Archive for August, 2010

The young adult and I hauled ourselves up at 4.10 am for the 4.45 am kick-off.
Spurs would soon be playing Manchester City in their first game of the season at White Hart Lane, and every football fan will tell you that opening day is one of the best on the calendar.
We have, over the years, seen a few together and been to a few together on visits back to England.
One of those, the start of the 2002/03 season, saw us on the supporters coaches heading to Merseyside for an opening day at Everton. I’d brought him to away games before, but there’s something different about an away game on opening day; the grass smells wonderful, the weather’s usually deliciously warm, the kits are fresh and the voices loud.

I’d had an enormous row with my own father the night before the match when he came to visit us at my Mums. Years of bottled frustration at his bizarre behavior since their divorce had finally got to me, and I had screamed like I’d never screamed at him before, walking an emotional tightrope off which I’d suddenly, abruptly, fallen.

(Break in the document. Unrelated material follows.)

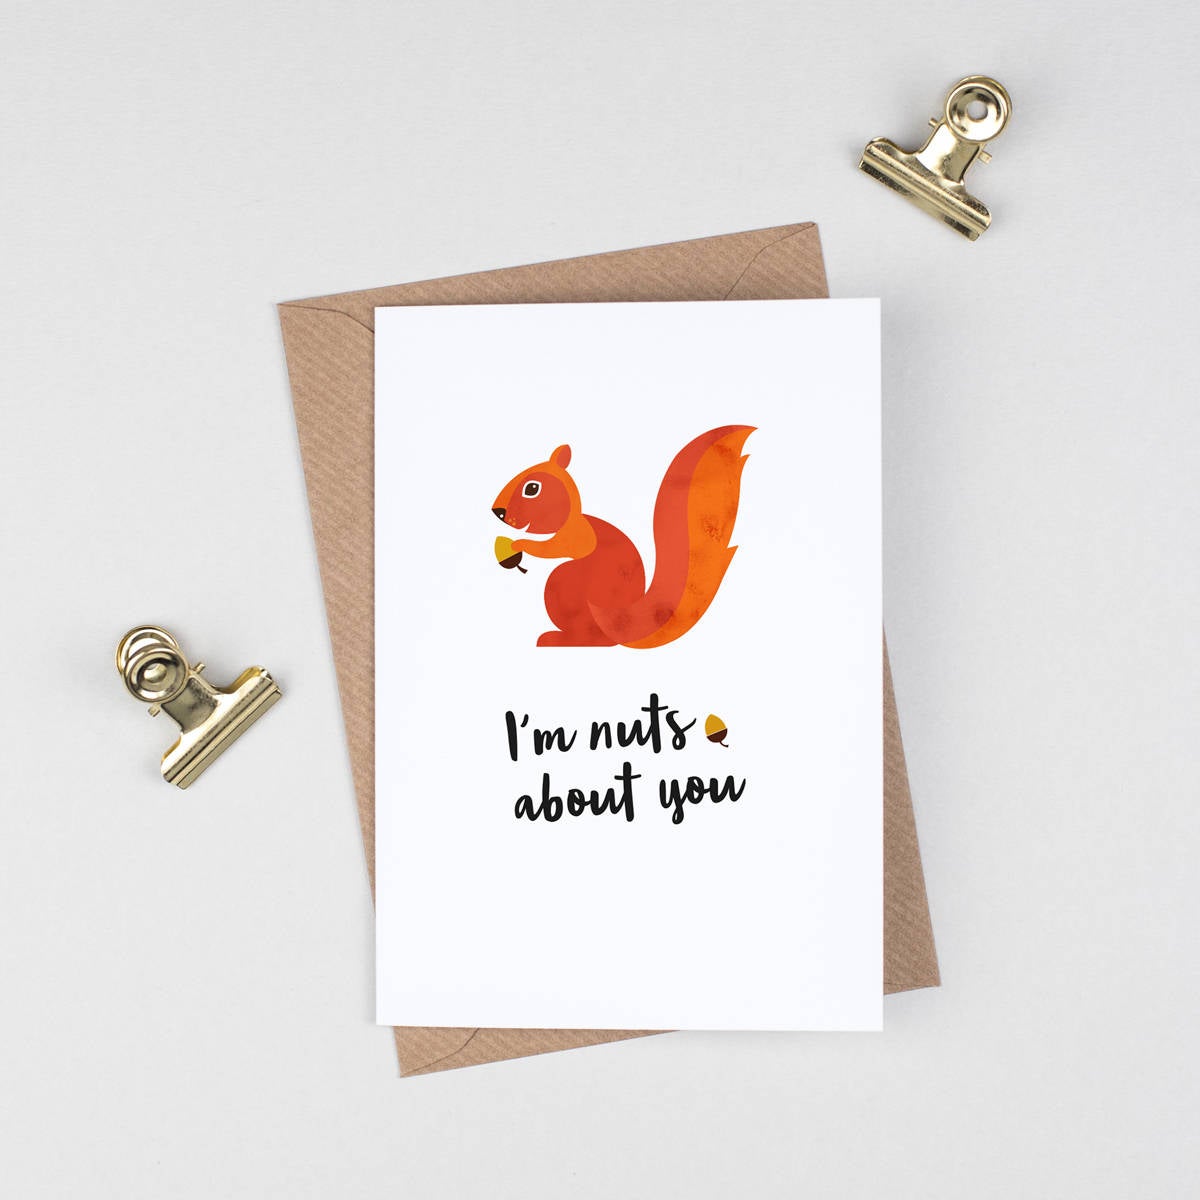 Funny Valentine's Card, Squirrel Love Card, Nuts About You, Romantic Animal Pun Card For Boyfriend Girlfriend, Anniversary, Laura Danby

Regular readers will have learnt in columns gone by that my dear Dad has some psychological health issues, which as they unfolded explained some of his bizarreness (solo trips to Norwegian icefields to camp alone and study the light, etc)…as we left in the morning to get to the Spurs coaches, I’d asked the young adult (then still ‘the boy’) if I’d woken him up, and if so how sorry I was.
“I counted 43 ‘fucks’!” he said in reply, grinning, and we burst out laughing.

We bought the new shirt before boarding the 9am coaches, and we got stuck on the motorway, nearly blistered in the heat and nearly died from the absurdly high-volume conversation from the two oddballs beside us that wouldn’t die. By the time we got to Everton, it was 2.50, 10 minutes before kick-off, and with the traffic blocked, the driver let us out about 1000 yards from the ground and so we sprinted to make sure we got into our seats to see that first kick-off of the season. Blue skies. 80 degrees. Adrenaline pumping. We started singing. And jumping. And singing more. We went one goal down, but then, in the 63rd minute, on our side of the ground, Matty Etherington looked up from 25 yards out and smashed in an equalizer off the underside of the bar; I turned, looked at the boy and it ‘happened.’ That beautiful, congruent electric moment of pure unity and joy sizzled between us, and as we hugged in celebration I knew it was much more…

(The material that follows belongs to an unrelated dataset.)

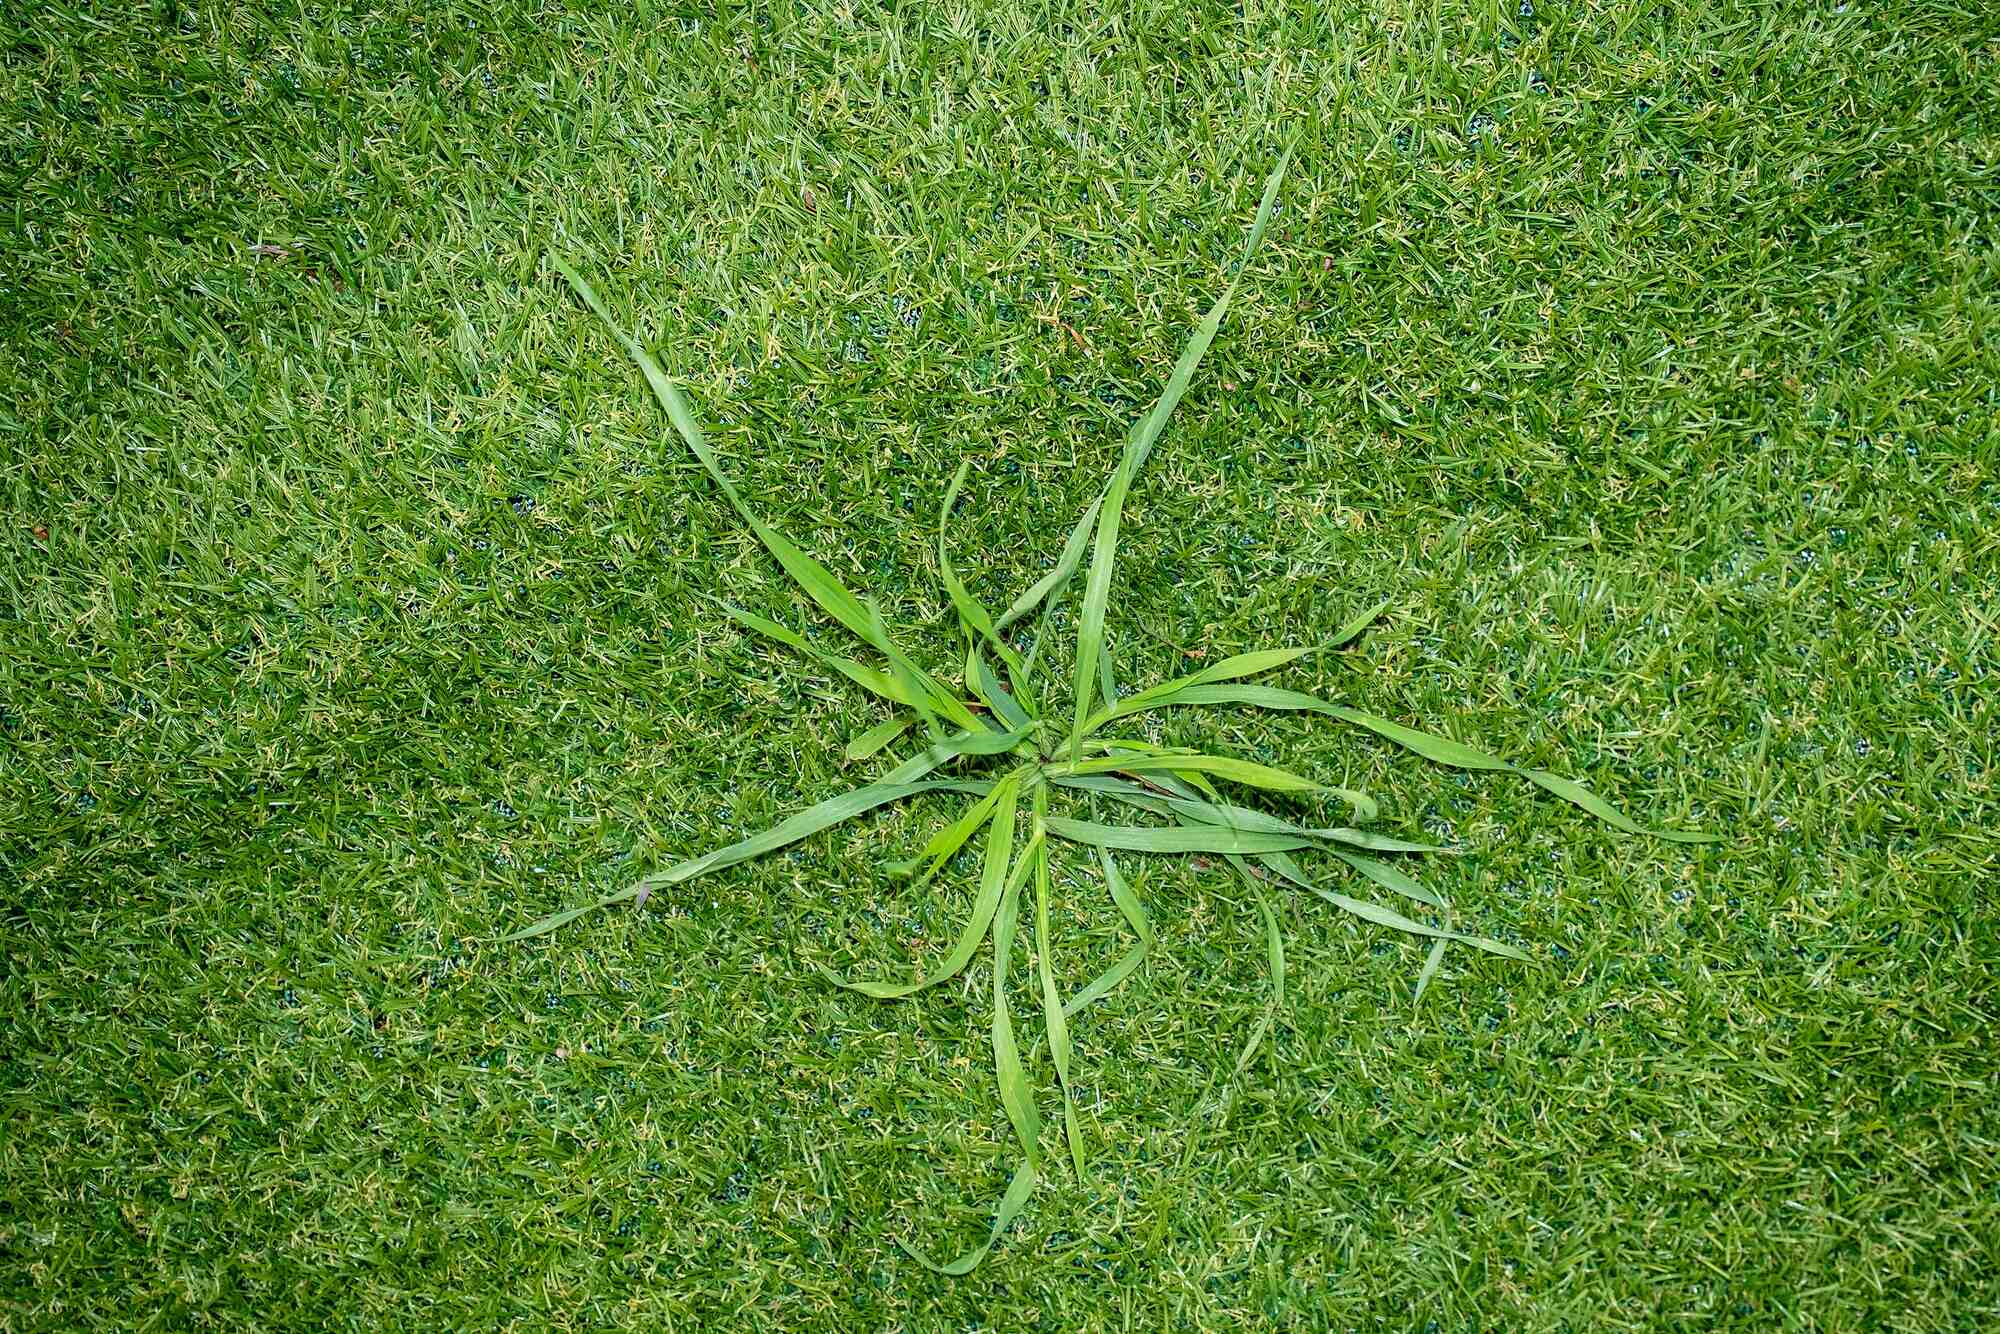 Photograph of a real grass plant growing through synthetic turf.

Football, as you will have gathered, is very, very important to many men, to many fathers, to many sons. I could write a book about why it has been so for me. And as I look around his room in these last few days before he moves out for college, as I look at the little named shirt on the wall, the one I got him when he was 3, the one he wore when we went to our first game together in 1995 (an awful 0-0 draw at home with, coincidentally, Everton) I feel the tears. I don’t know what sort of tears they are, happy, sad, both, neither, resigned, resolved, proud, probably all of the above and virtually none, I really don’t know. But I do know that as we sat around the corner of Danny Coyle’s watching a beautiful display of football from Spurs this early morning, as the banter flowed, the hope rose and the stresses and aggravations of a sometimes shit shit world were locked in deep storage for a couple of hours, something triggered my memories, and thus I find myself staring at the first-ever shirt I got him.

I remember when he fell for a striker called Michael Owen who played for Liverpool. He told me, at 8 years old, he wanted to follow Liverpool. I didn’t stand in his way. He got a Liverpool shirt. But somewhere inside it mustn’t have felt right, because sure enough, less than two years later he was back loving Spurs, back sharing with me.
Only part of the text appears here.